# Senior Golden El Paso Shelter



## jennretz (Jul 24, 2013)

I'm networking this senior golden who is currently at the El Paso shelter. I've reached out to Golden Retriever Rescue of El Paso.

https://www.facebook.com/Friends.of.Golden.Retrievers/posts/1377733202283486


Sent from my iPhone using Tapatalk


----------



## jennretz (Jul 24, 2013)

Sent from my iPhone using Tapatalk


----------



## puddles everywhere (May 13, 2016)

Ahhhh poor baby looks rough for 9, hope someone pulls him soon! It breaks my heart to see so many seniors in rescue. I know there are many valid reasons but can't help but think their biggest reason is because they got old. So sad, they still have love to give.


----------



## jennretz (Jul 24, 2013)

puddles everywhere said:


> Ahhhh poor baby looks rough for 9, hope someone pulls him soon! It breaks my heart to see so many seniors in rescue. I know there are many valid reasons but can't help but think their biggest reason is because they got old. So sad, they still have love to give.

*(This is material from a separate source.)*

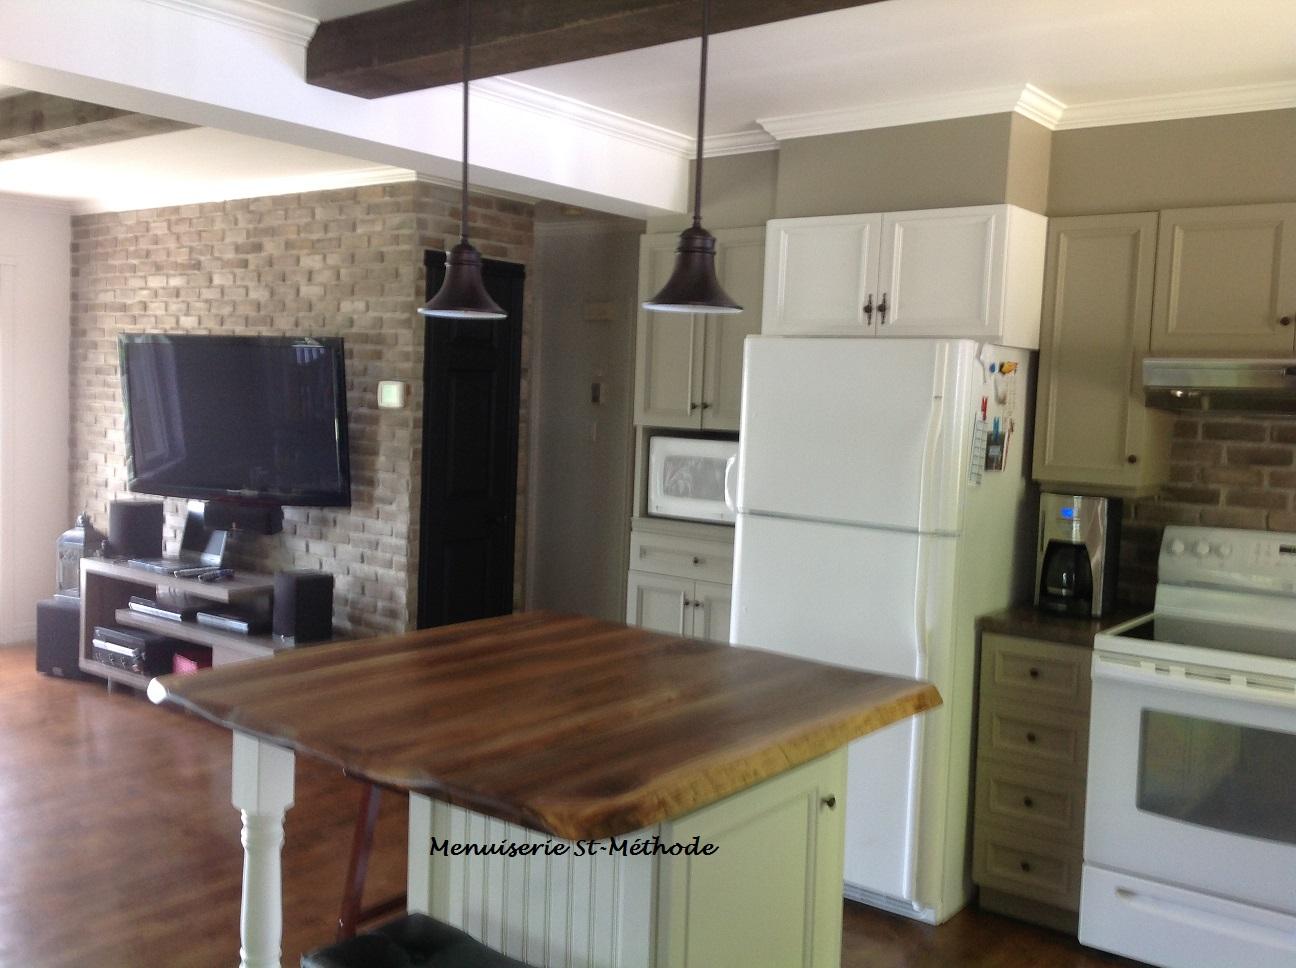 menuiserie st m thode comptoir en bois. Black Bedroom Furniture Sets. Home Design Ideas

It would have been better if they had given him to a rescue versus the shelter :-(


----------



## puddles everywhere (May 13, 2016)

Very true. Not sure how it works there, in the Dallas / Ft. Worth area the rescues don't do intakes from people. They pull them from kill shelters but gratefully most animal control places are very close with all the rescues and do a pretty good job finding one for the sweet dogs. Even the humane society sucks, they take them in but put them down unless they are deemed adoptable. Sadly they started "selling" their dogs. If they happen to have what looks to be a pure bred the adoption fee is 3 times what the regular fee is. 
The city of Ft. Worth partnered with PetSmart charities and works really hard with the rescue groups. Their fee is only $49. and that includes spay/neuter/shots/city license/microchip and do not charge more for pure bred dogs. Rescue is very overwhelmed in the N TX area, people seem to take the position that dogs/cats/horses & bunnies are disposable. 
I lived in the same place for over 30 yrs and people knew I took in strays. I gave up trying to keep track of all the pets that were dumped on my door step. It's really sad. LOL I wonder if the new owner has had any surprises arrive?


----------



## jennretz (Jul 24, 2013)

I didn't know that about Texas shelters. Seems backwards somehow but they must have a reason...


Sent from my iPhone using Tapatalk


----------



## jennretz (Jul 24, 2013)

He was returned to owner


Sent from my iPhone using Tapatalk


----------



## puddles everywhere (May 13, 2016)

That's wonderful! I just love happy endings.


----------